Cycles of Feeding and Fasting Drive Circadian Gene Expression in the Liver
When you eat may be just as vital to your health as what you eat, researchers at the Salk Institute have discovered. Their experiments in mice revealed that the daily waxing and waning of thousands of genes in the liver—the body's metabolic clearinghouse—is mostly controlled by food intake and not by the body's circadian clock as conventional wisdom had it.
"If feeding time determines the activity of a large number of genes completely independent of the circadian clock, when you eat and fast each day will have a huge impact on your metabolism," says the study's leader Satchidananda (Satchin) Panda, an assistant professor in the Regulatory Biology Laboratory.
To investigate how much influence rhythmic food intake exerts over the hepatic circadian oscillator, graduate student and first author Christopher Vollmers put normal and clock-deficient mice on strictly controlled feeding and fasting schedules while monitoring gene expression across the whole genome.
They found that putting mice on a strict 8-hour feeding/16-hour fasting schedule restored the circadian transcription pattern of most metabolic genes in the liver of mice without a circadian clock. Conversely, during prolonged fasting, only a small subset of genes continued to be transcribed in a circadian pattern even with a functional circadian clock present.
In mammals, the circadian timing system is composed of a central circadian clock in the brain and subsidiary oscillators in most peripheral tissues. The master clock in the brain is set by light and determines the overall diurnal or nocturnal preference of an animal, including sleep-wake cycles and feeding behavior. The clocks in peripheral organs are largely insensitive to changes in the light regime. Instead, their phase and amplitude are affected by many factors including feeding time.

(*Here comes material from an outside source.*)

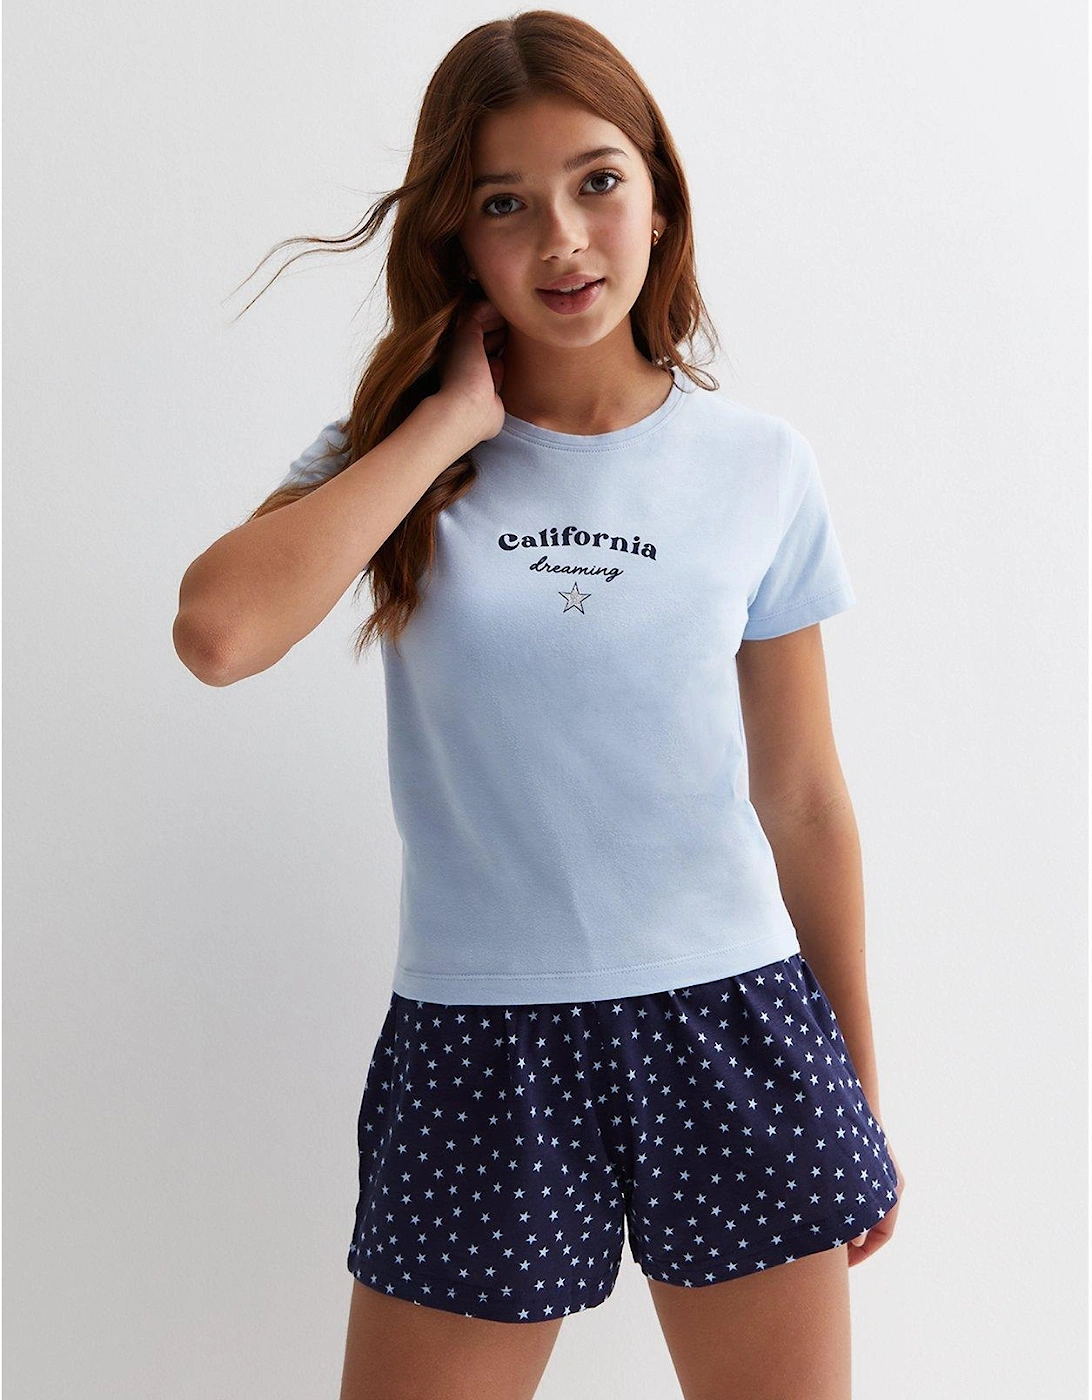 Girls Pale Blue Short Pyjama Set with California Dreaming Logo, 2 of 1

"The liver oscillator in particular helps the organism to adapt to a daily pattern of food availability by temporally tuning the activity of thousands of genes regulating metabolism and physiology," says Panda. "This regulation is very important, since the absence of a robust circadian clock predisposes the organism to various metabolic dysfunctions and diseases."
"Our study represents a seminal shift in how we think about circadian cycles," he says. "The circadian clock is no longer the sole driver of rhythms in gene function, instead the phase and amplitude of rhythmic gene function in the liver is determined by feeding and fasting periods—the more defined they are, the more robust the oscillations become."